■ Task statement:
With the pictures removed, please write out every line below exactly as given.

======== Provided material ========

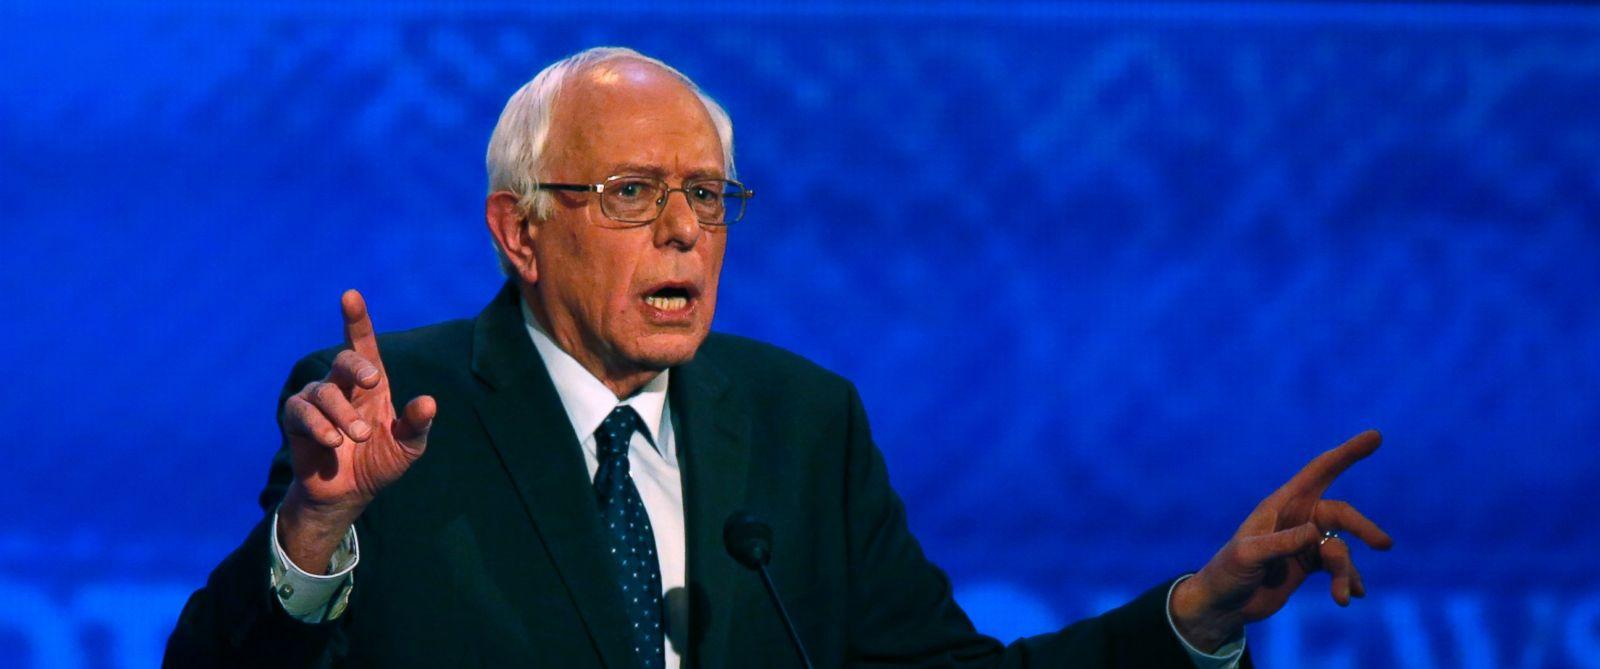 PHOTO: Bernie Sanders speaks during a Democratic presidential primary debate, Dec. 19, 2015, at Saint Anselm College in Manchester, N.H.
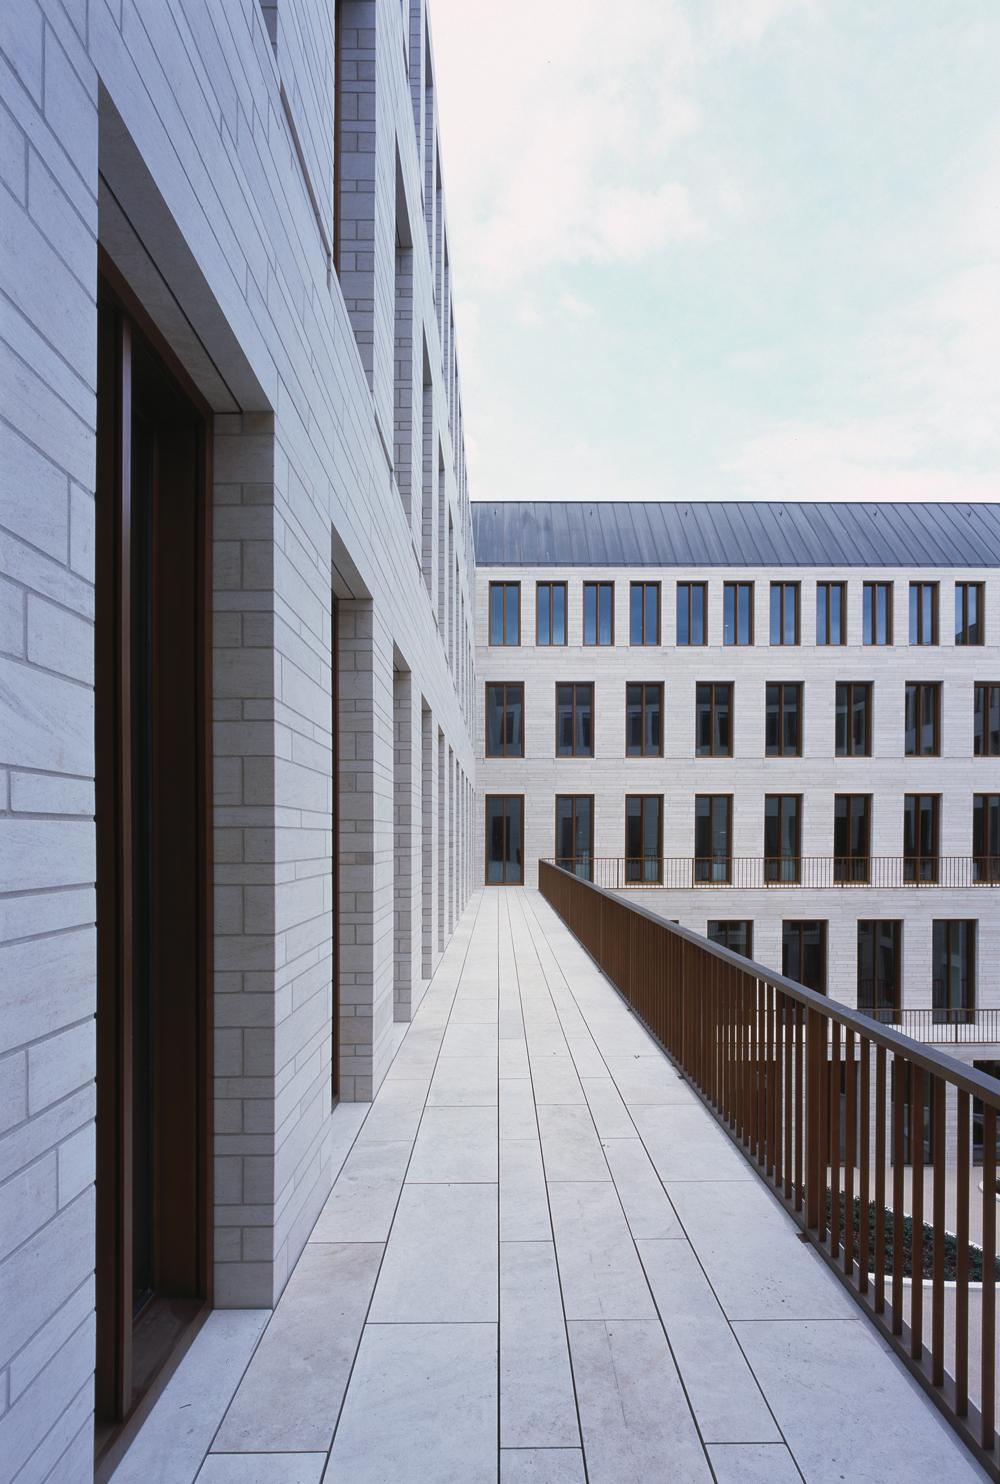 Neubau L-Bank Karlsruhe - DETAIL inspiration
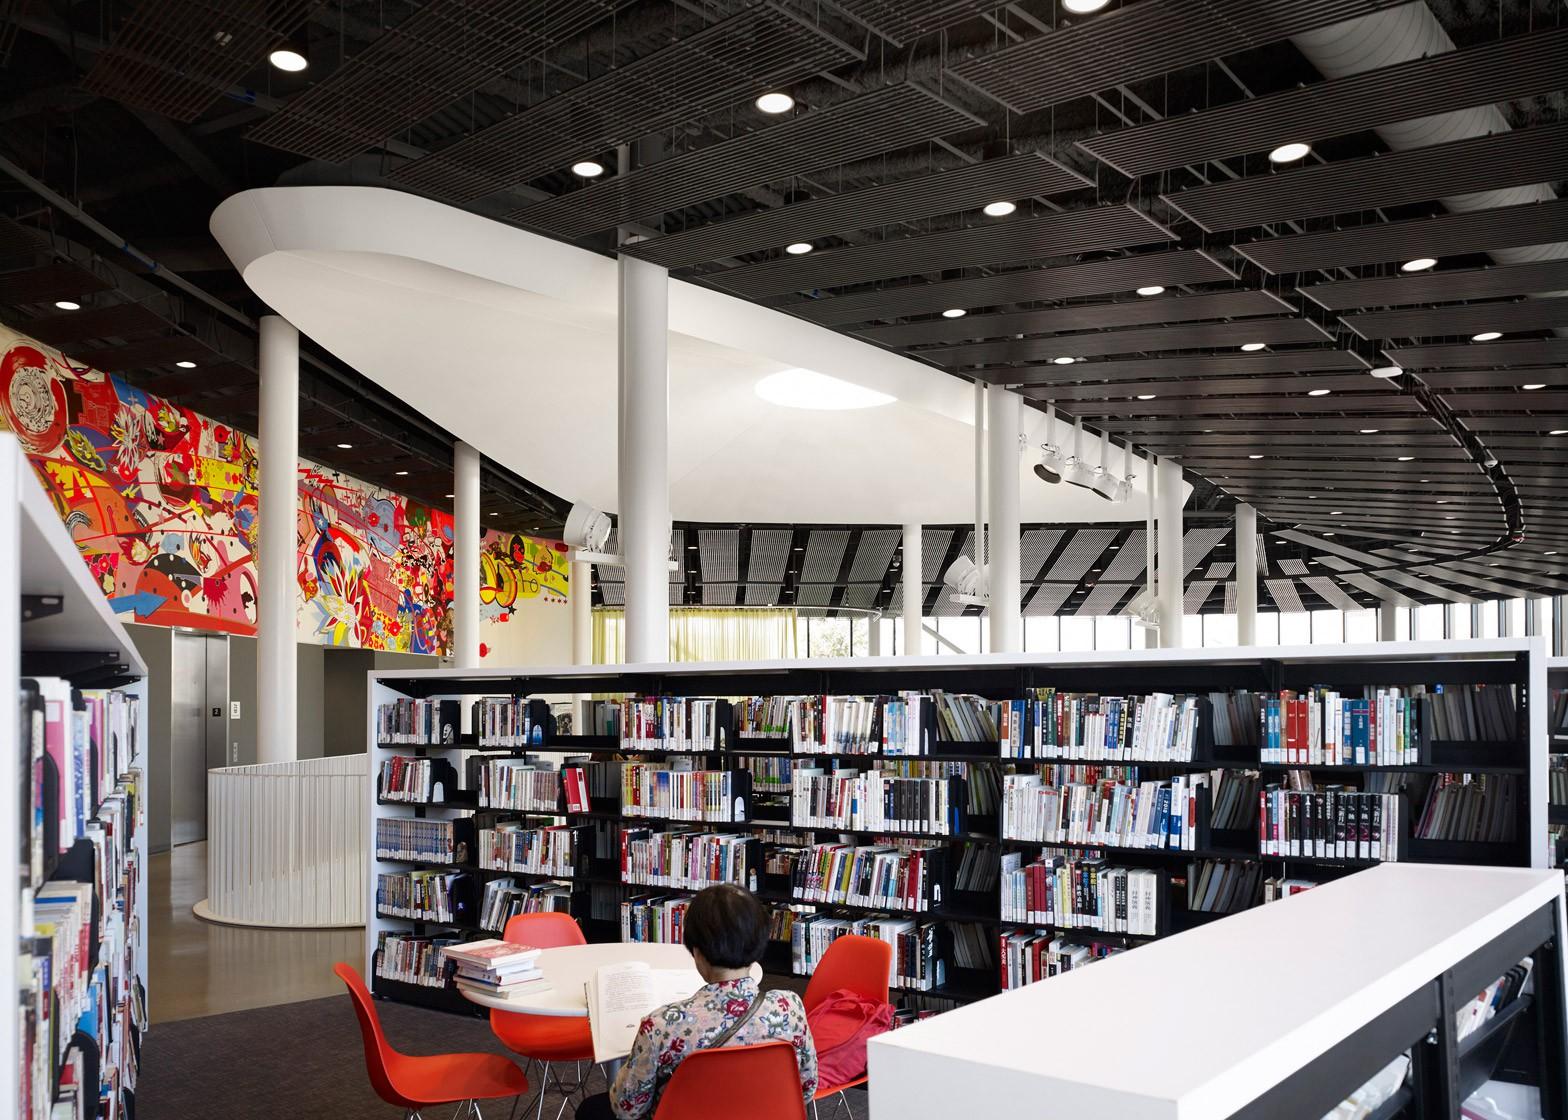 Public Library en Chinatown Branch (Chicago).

========

■ Completed exercise:
 PHOTO: Bernie Sanders speaks during a Democratic presidential primary debate, Dec. 19, 2015, at Saint Anselm College in Manchester, N.H.
 Neubau L-Bank Karlsruhe - DETAIL inspiration
 Public Library en Chinatown Branch (Chicago).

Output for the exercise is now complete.